##### Recorded information

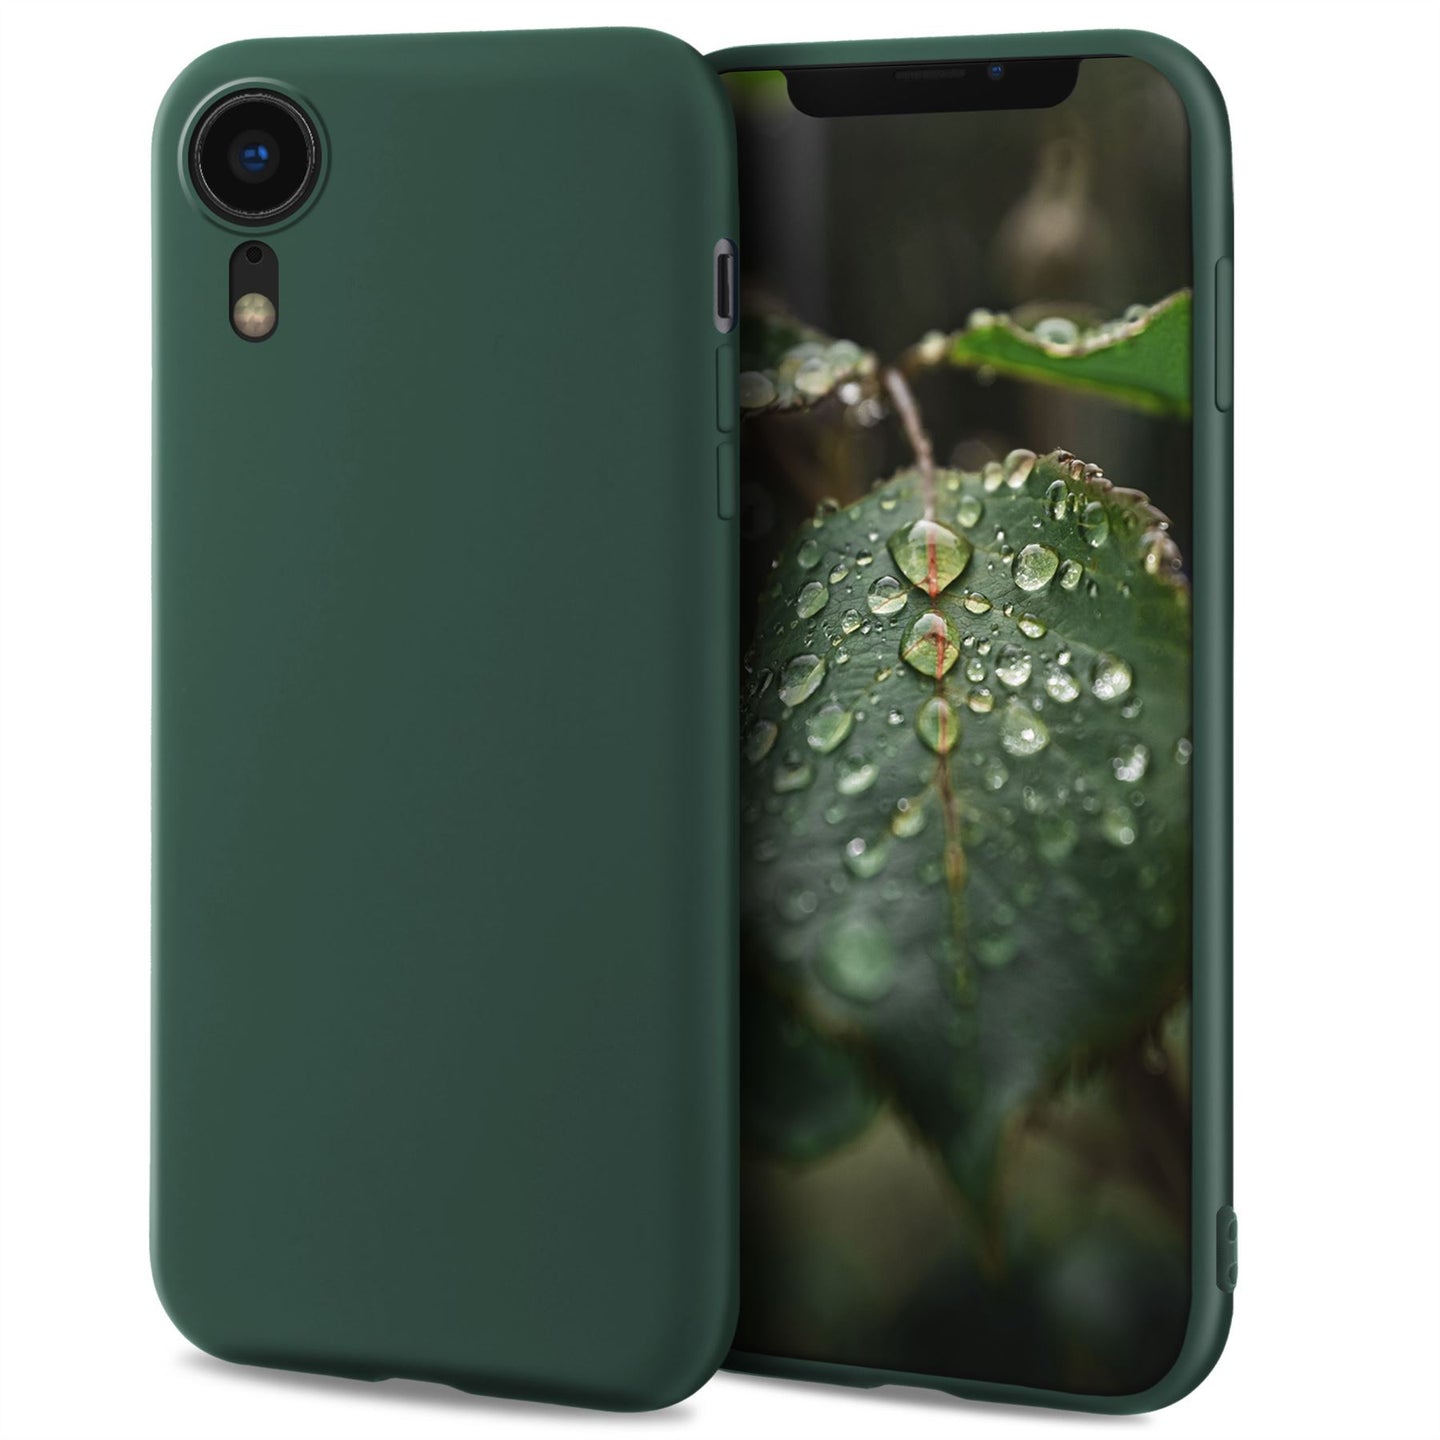 Moozy Lifestyle. Designed for iPhone XR Case, Dark Green - Liquid Silicone Cover with Matte Finish and Soft Microfiber Lining
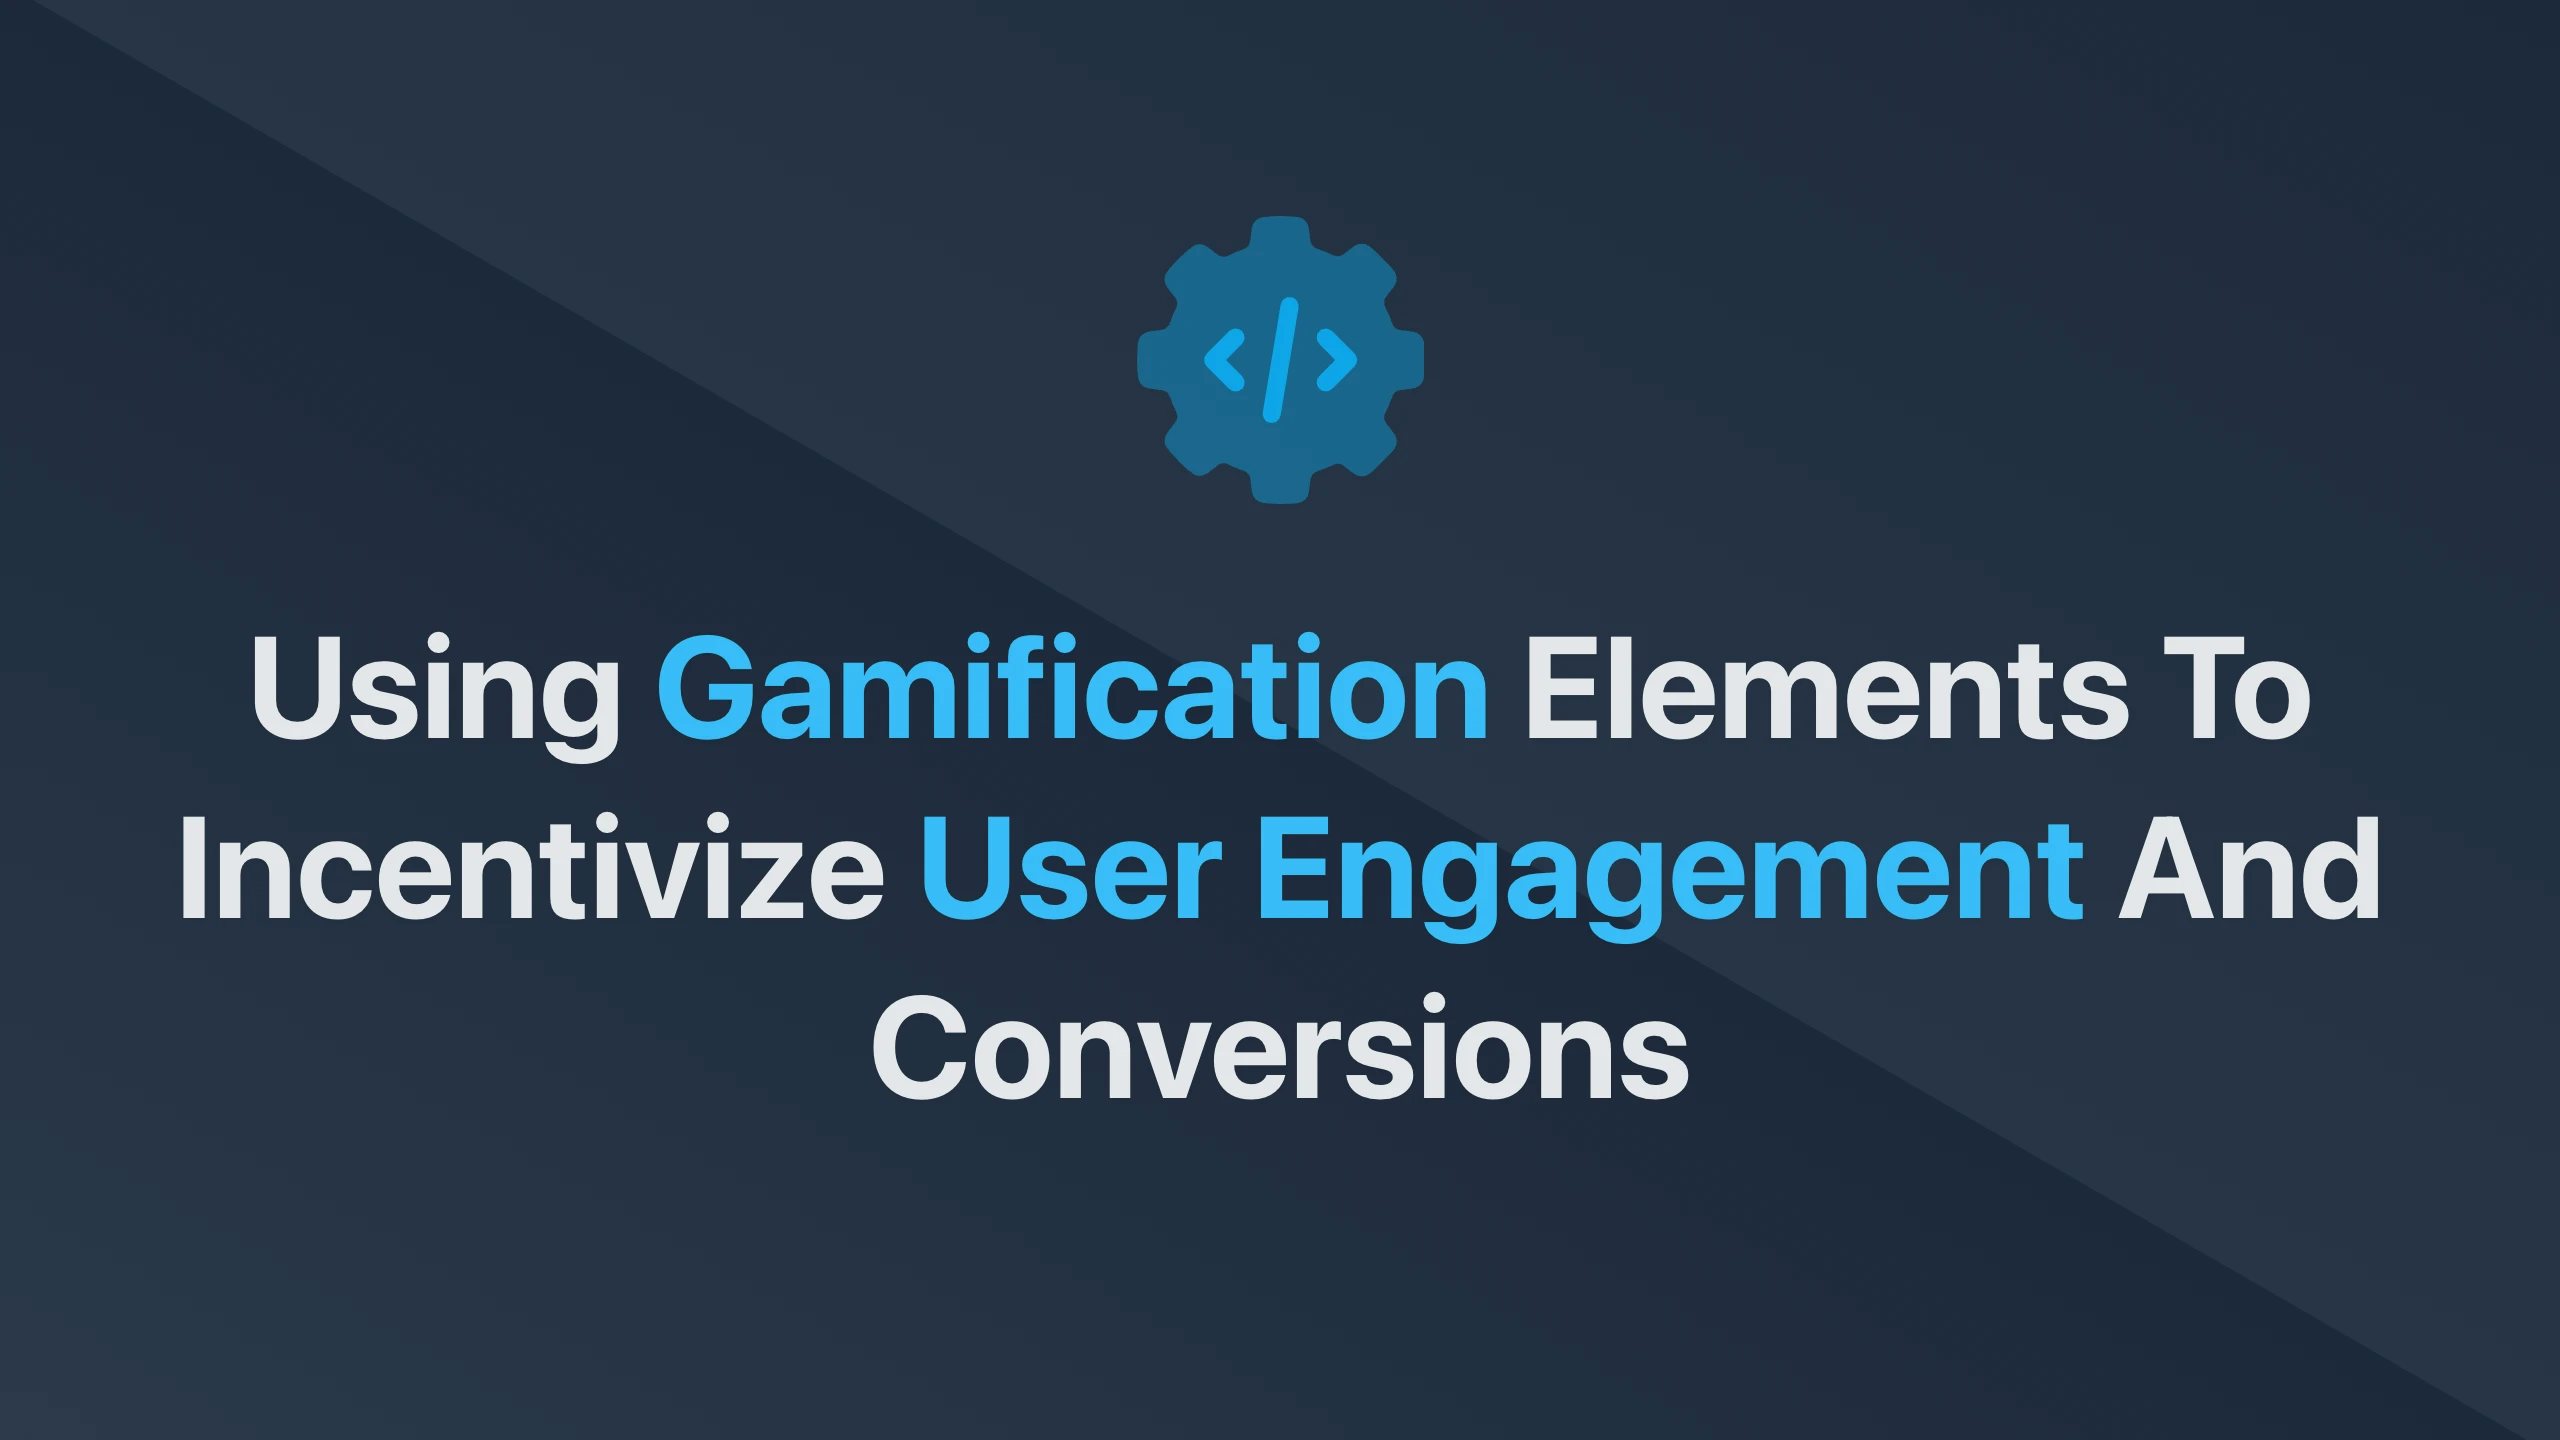 Cover Image for Using Gamification Elements to Incentivize User Engagement and Conversions
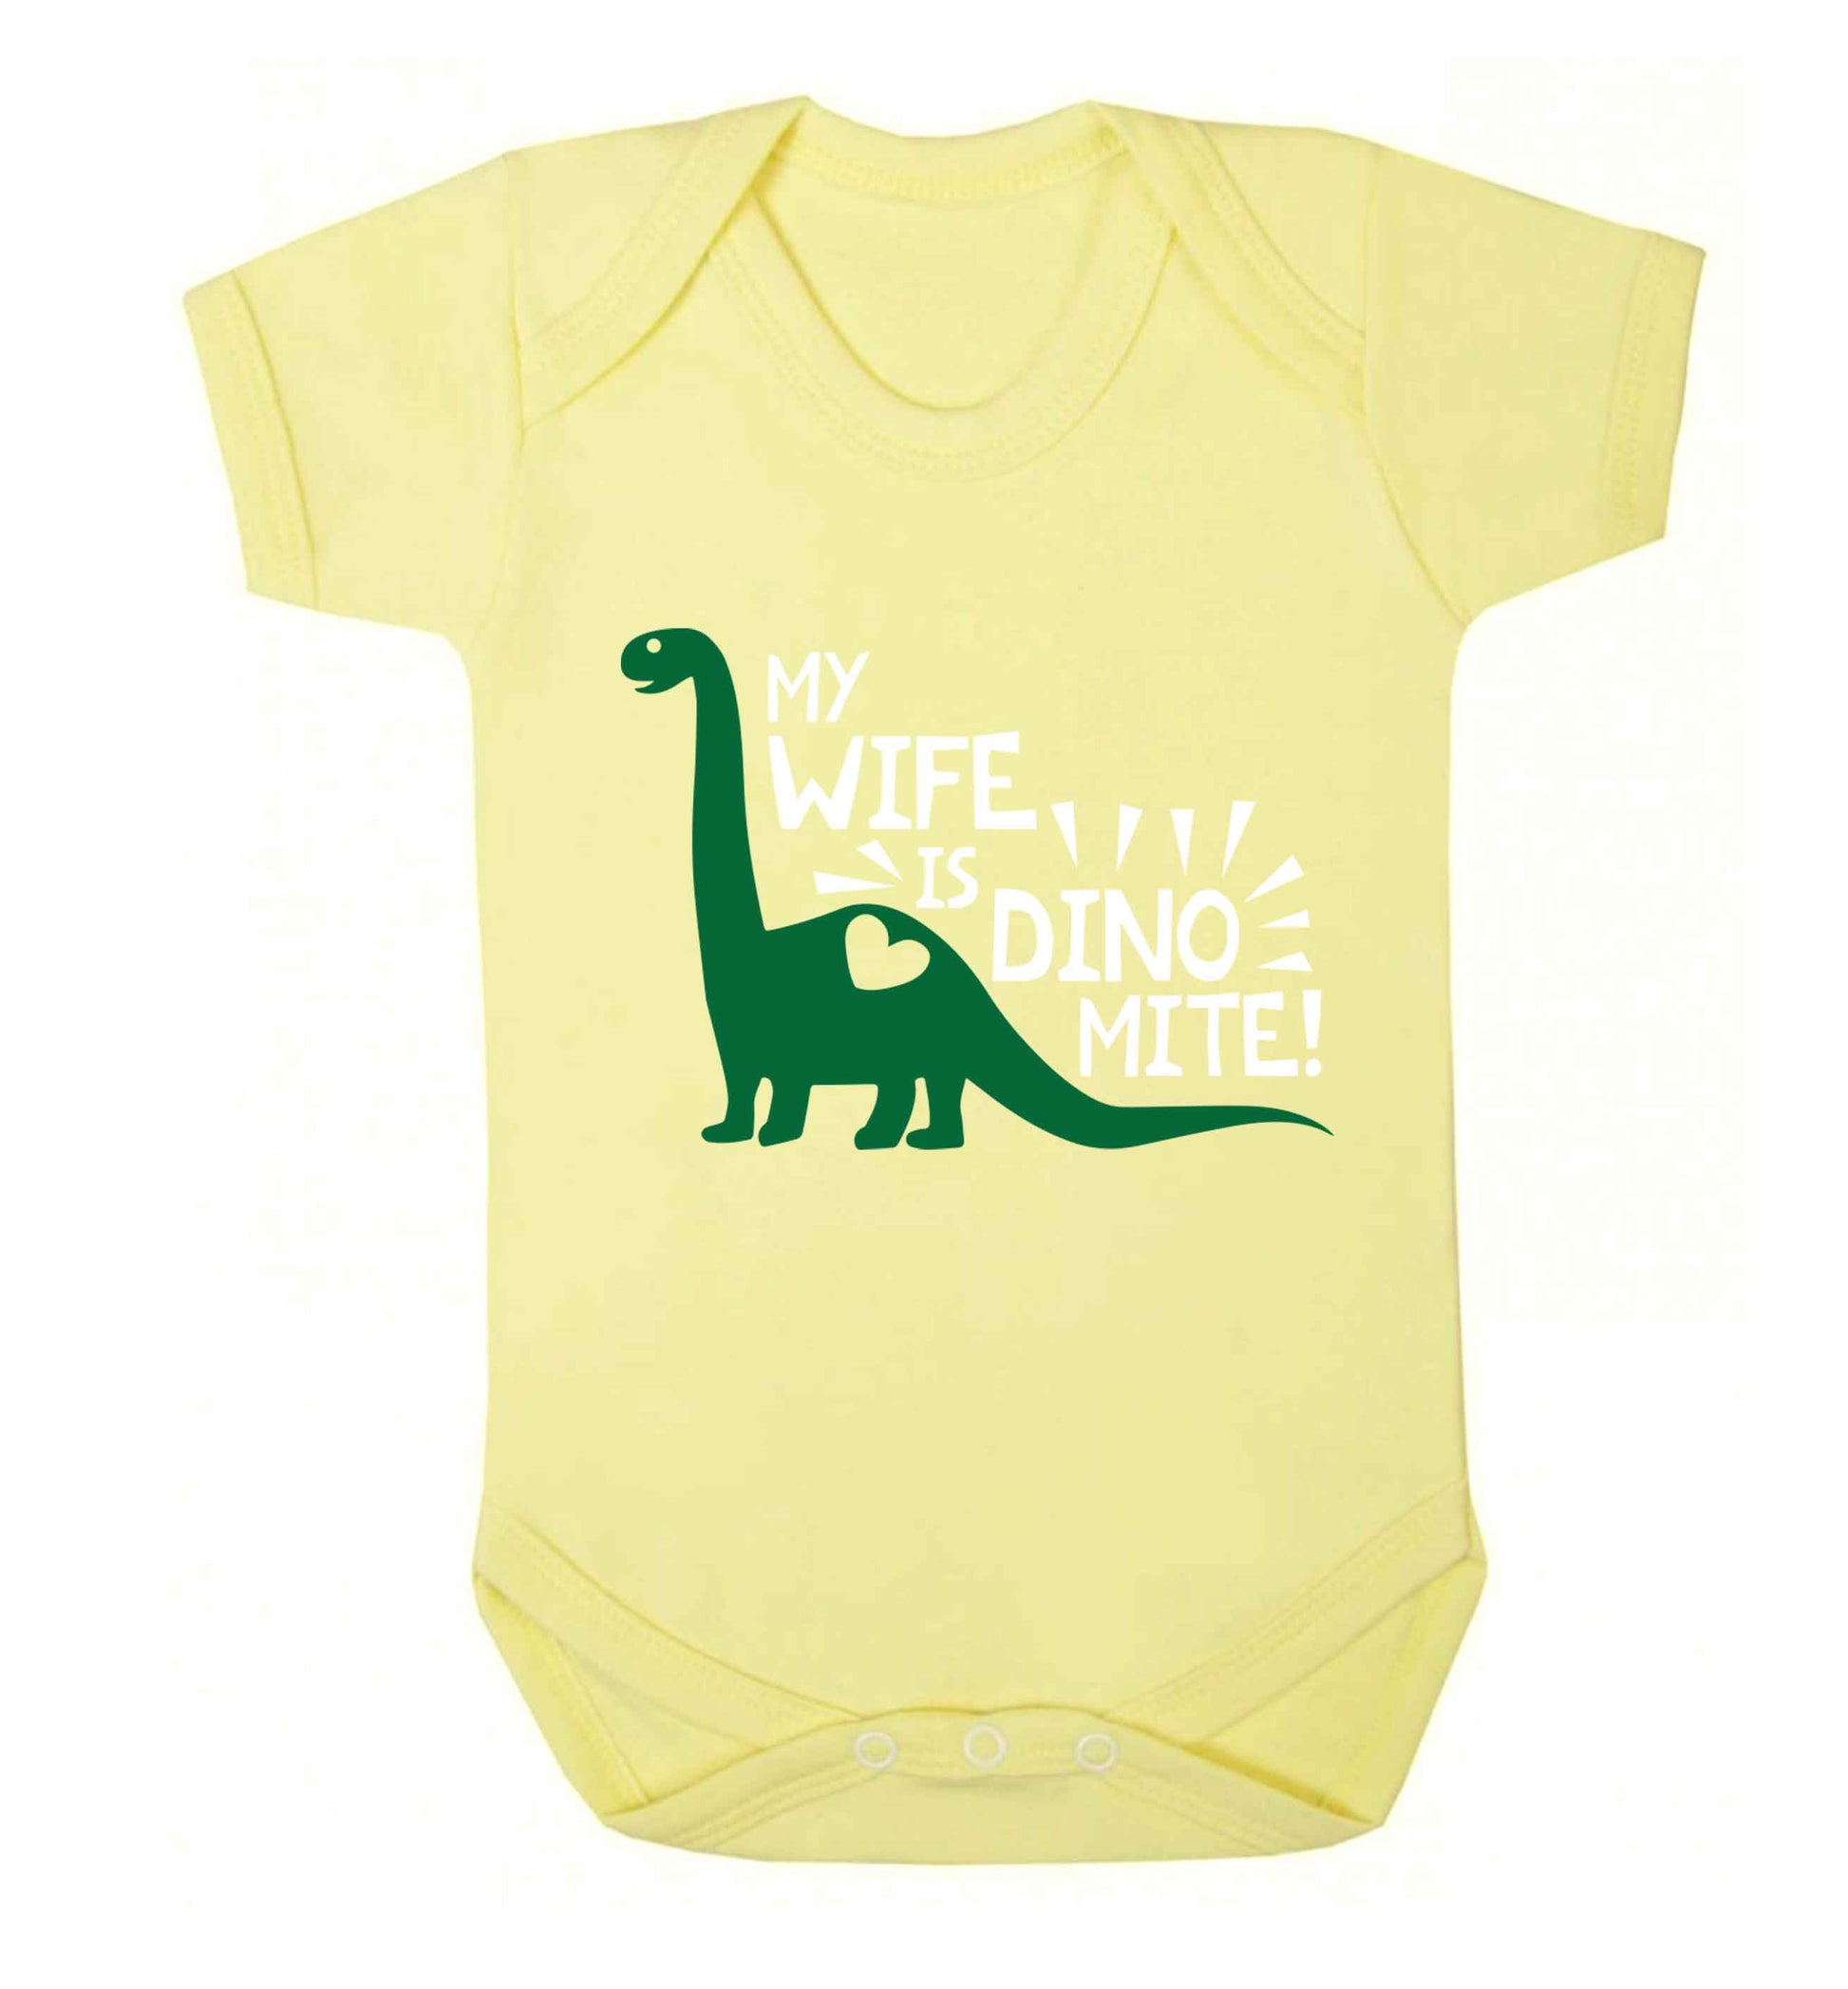 My wife is dinomite! Baby Vest pale yellow 18-24 months

##########

#### [Task directions]
Print the full listing above exactly. Pictures stay out of the copy.

#### [Task solution]
 Moozy Lifestyle. Designed for iPhone XR Case, Dark Green - Liquid Silicone Cover with Matte Finish and Soft Microfiber Lining
 Cover Image for Using Gamification Elements to Incentivize User Engagement and Conversions
 My wife is dinomite! Baby Vest pale yellow 18-24 months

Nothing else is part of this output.